Sebelum menuntut para terdakwa, kata JPU, ada hal yang menjadi pertimbangan sebelum melakukan penuntutan. Di antaranya, hal memberatkan dan hal meringankan.
Hal memberatkan, perbuatan para terdakwa tidak mendukung program pemerintah dalam upaya pemberantasan tindak pidana Narkotika. Selain itu, perbuatan para terdakwa dilakukan secara terencana, sistematis, dan terkait dengan jaringan sindikat narkotika internasional.
Jaksa menilai tak ada satu pun alasan yang bisa meringankan. Sebaliknya, sejumlah hal memperberat tuntutan Satria Nanda dan 9 anggotanya. Sebab, mereka adalah aparat penegak hukum yang justru menyalahgunakan jabatan, dan selama proses persidangan mereka dinilai tak kooperatif.
"Terdakwa berbelit-belit dan tidak mengakui perbuatannya," kata Alinaex.
Untuk diketahui, perkara ini bermula dari pengungkapan penyelundupan 50 kilogram sabu dari Malaysia oleh Subnit I Satresnarkoba Polresta Barelang pada Juni 2024. Sebanyak 6 kilogram disebut diberikan kepada pihak pengantar di wilayah perbatasan Malaysia, sementara 44 kilogram sisanya dibawa ke Batam.

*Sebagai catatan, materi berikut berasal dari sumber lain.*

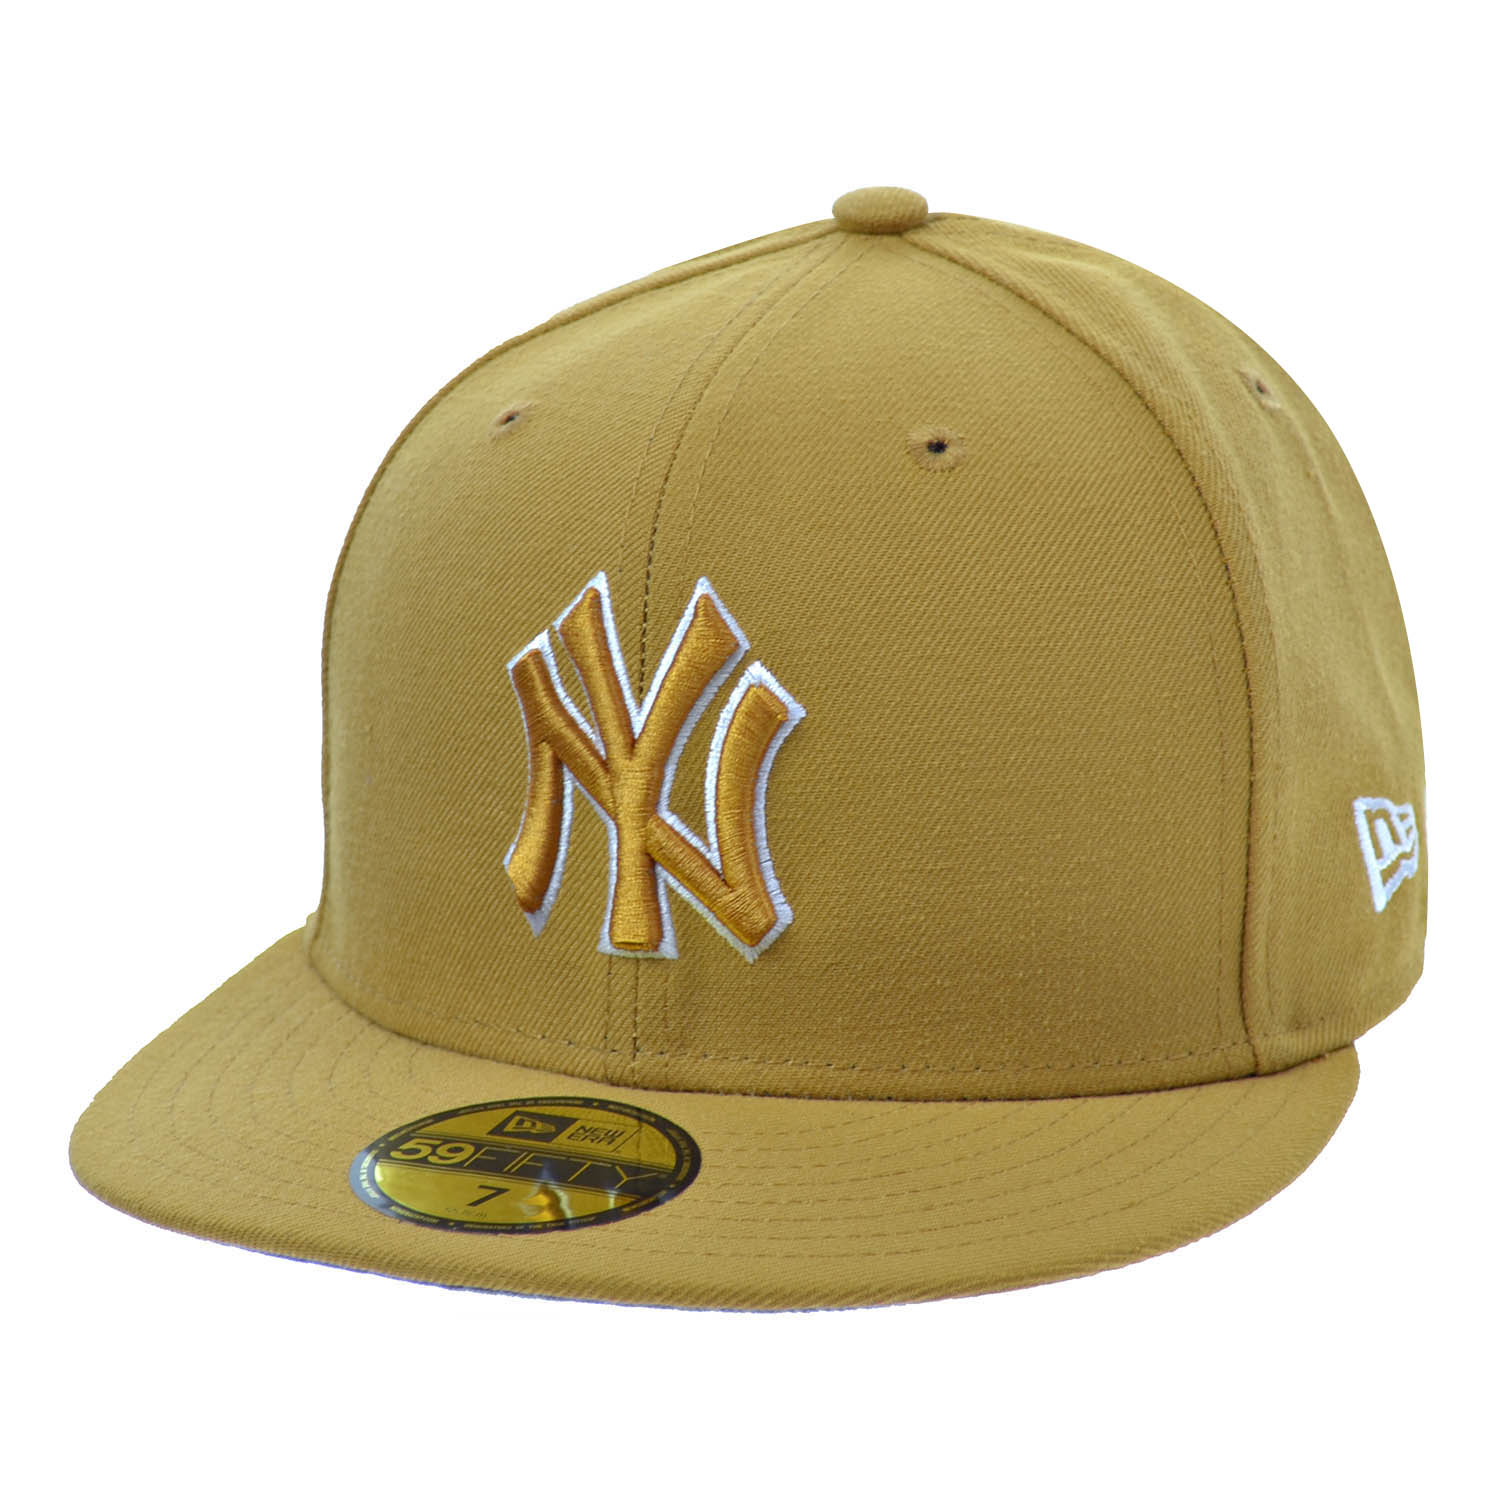 New Era New York Yankees 59Fifty Men's Fitted Hat Cap Wheat/White ...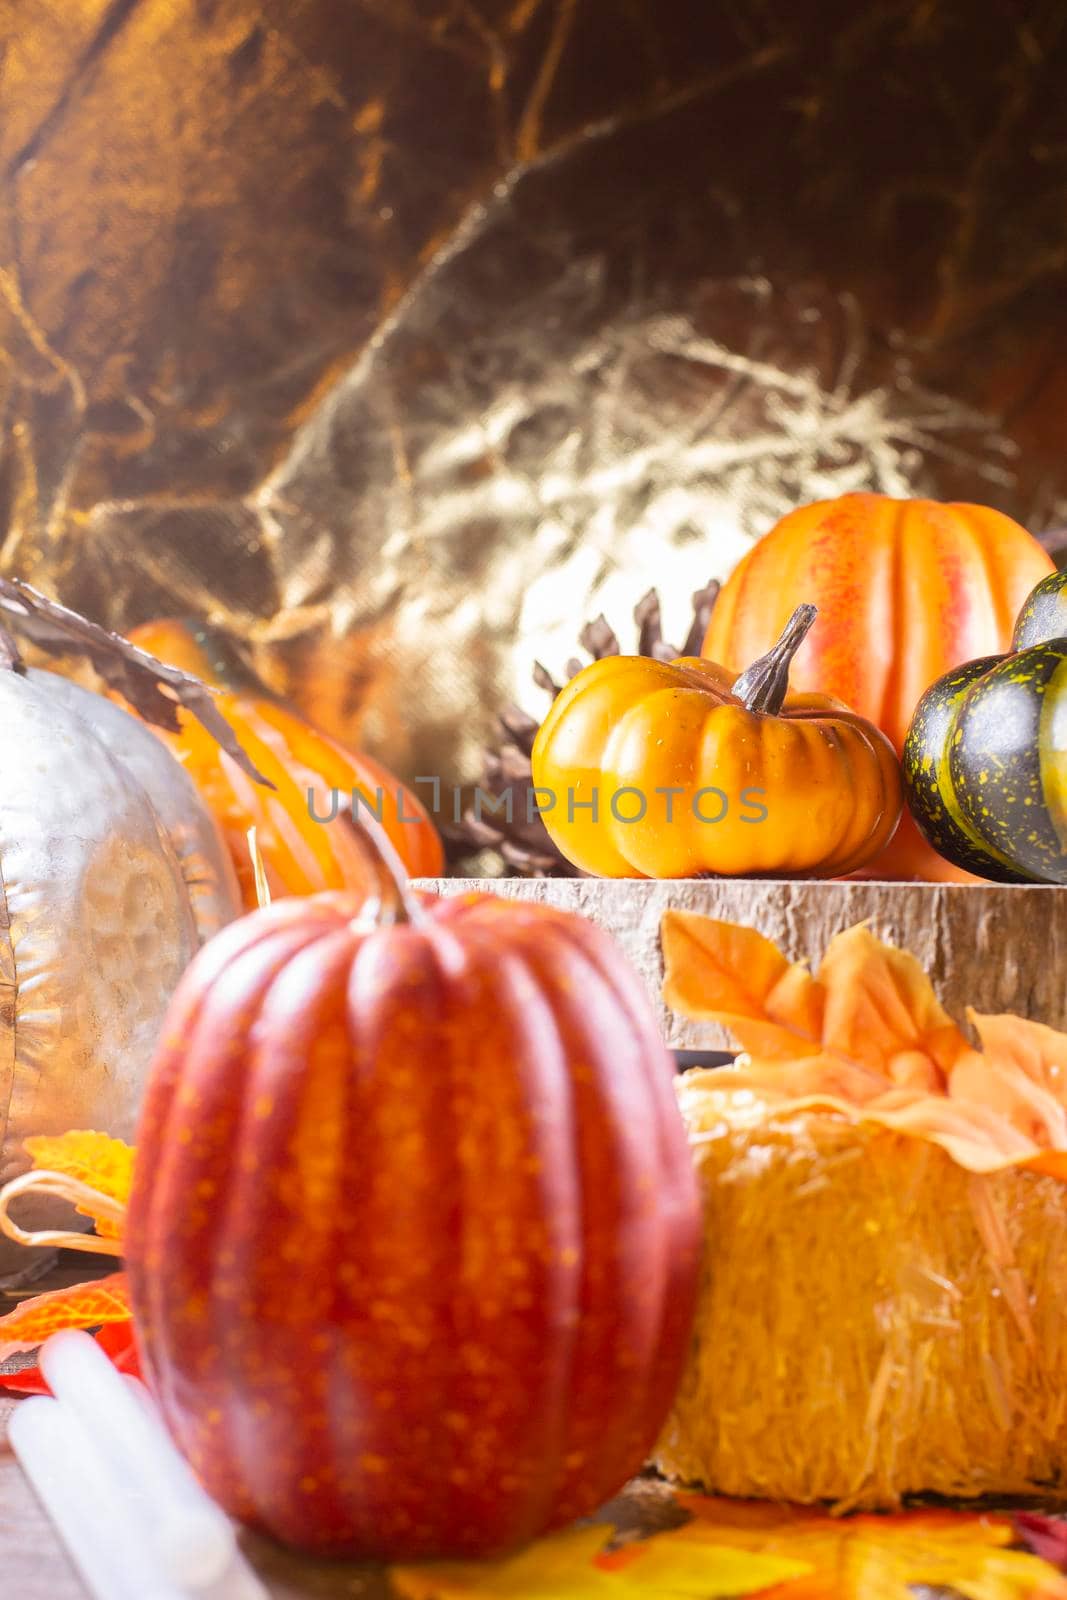 Small red pumpkin next to hay covered with leaves, orange pumpkins, orange squash, and a green squash on wood next to a silver pumpkin with a golden background

Dari jumlah tersebut, 35 kilogram dimasukkan dalam laporan perkara dengan tiga terdakwa, yakni Efendi, Sahroni, dan Nelly. Namun, hasil penyelidikan dan fakta persidangan mengungkap bahwa sembilan kilogram sabu tidak pernah dilaporkan. Barang bukti tersebut diduga disisihkan dan diperdagangkan secara ilegal.
Sebagian dari sabu itu ditemukan di Tembilahan, Riau, dengan melibatkan anggota Subnit II dan seorang anggota Bareskrim Polri. Sisanya diduga diedarkan oleh dua terdakwa lainnya, Aziz Martua Siregar dan Zulkifli Simanjuntak, yang merupakan mantan aparat dan kini disebut sebagai bandar narkoba.
Selain Kompol Satria Nanda, terdapat 11 terdakwa lain dalam perkara ini. Mereka antara lain Shigit Sarwo Edhi, Ibnu Ma'ruf Rambe, Rahmadi, Fadillah, Wan Rahmat Kurniawan, Alex Chandra, Jaka Surya, Junaidi, dan Aryanto, yang keseluruhannya merupakan mantan anggota satuan narkoba Polresta Barelang. Sementara dua warga sipil lainnya adalah Aziz Martua Siregar dan Zulkifli Simanjuntak.
Kasus ini menjadi sorotan karena melibatkan oknum aparat penegak hukum dalam peredaran narkotika yang seharusnya mereka berantas.